The Supreme Court has today ruled that Uber must class its drivers as workers, not as self-employed.
The case – brought by James Farrar and Yaseen Aslam, both former Uber drivers – is a victory for workers’ rights. Although not a surprise ruling, since Uber had already lost three former rounds in the courts, it is a significant one. It means that all drivers working for the firm are now entitled to employment rights such as the minimum wage and holiday pay.
In considering his ruling Lord Leggatt looked at how much control Uber has over drivers’ earnings, control of contract terms, and their ability to penalise drivers. This helped him to reach the conclusion that Uber drivers are indeed workers and not self-employed. Lord Leggatt states that the firm must consider drivers an employee from the moment they log on to the app to when they log off, not just when they are driving.
Since the ruling is likely to be expensive for Uber, and sets a precedent that will make competing companies nervous, this may be a warning shot to the exploitative practices of the gig economy that keeps labour so cheap and corporate profits so high.

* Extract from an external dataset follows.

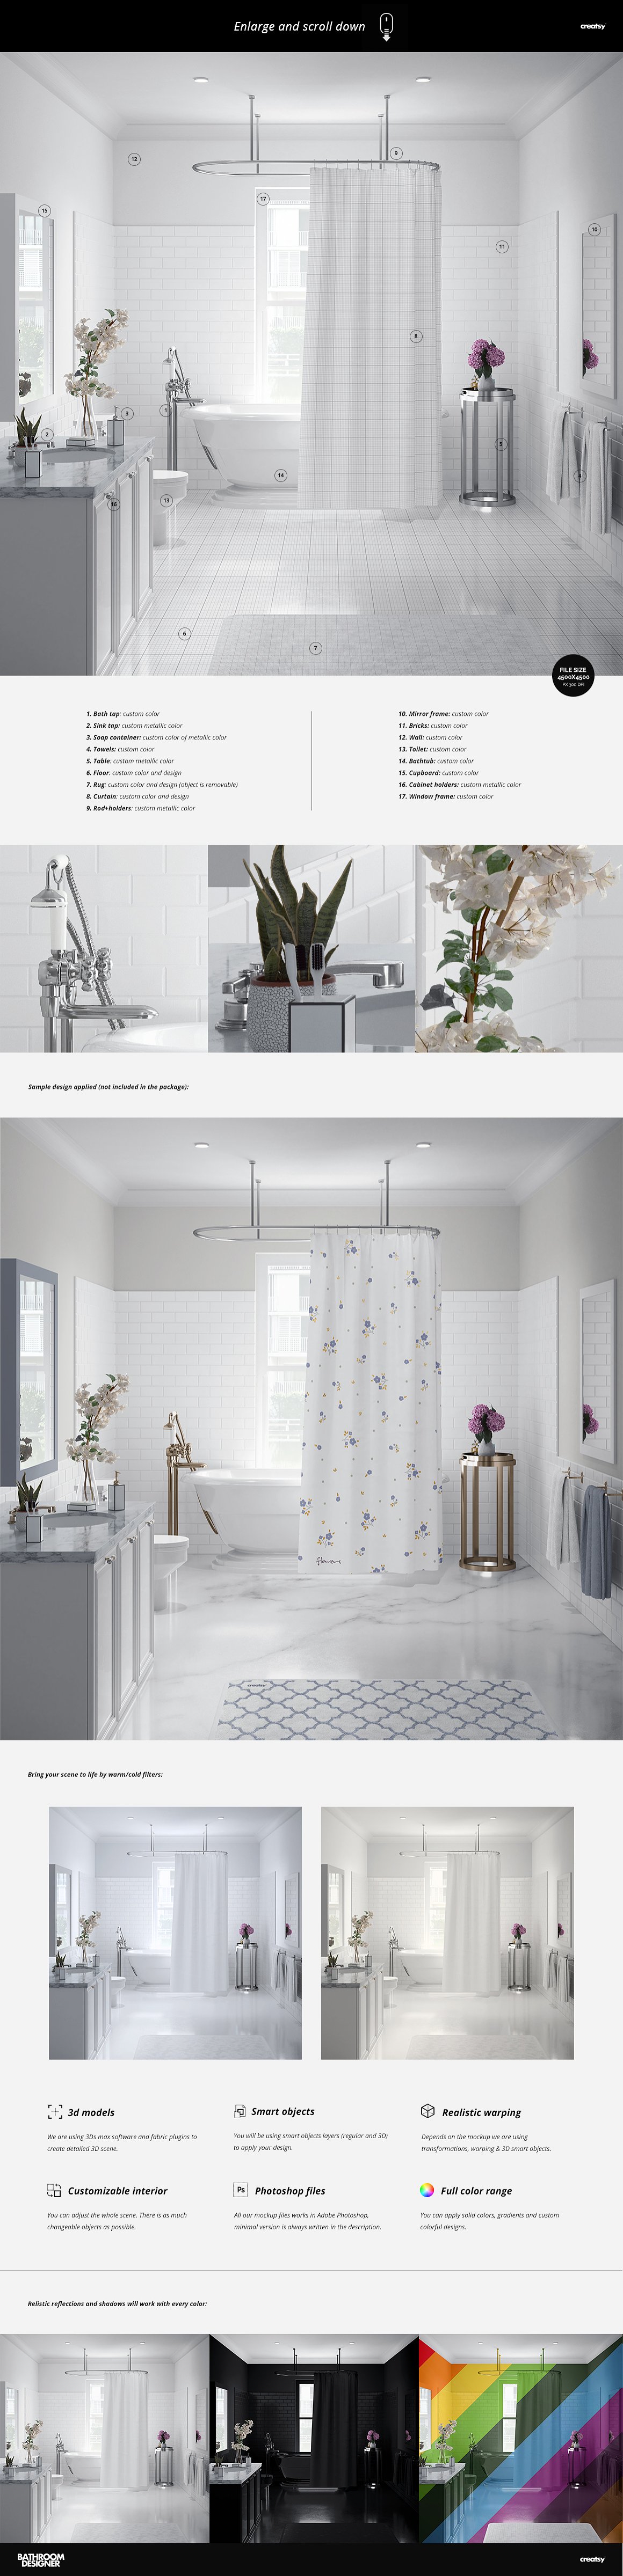 豪华浴帘浴缸毛巾浴室场景装修设计提案样机模板 Luxury

Alongside the costs of employment the firm may also be considered eligible to pay VAT as a transport provider rather than simply a booking agent. The gig economy is expected to be worth £140 billion by 2025, and HMRC will be looking at ways to update tax to incorporate such businesses, especially as it is feeling the pressure of the ongoing coronavirus restrictions.
This ruling is also not auspicious for Uber at a time when they are also starting their fight against the incoming suit from black cab drivers. London taxi drivers, represented by Mischon de Raya, are suing Uber for unlawful practices surrounding hailing cabs on the street, between 2012 and 2018.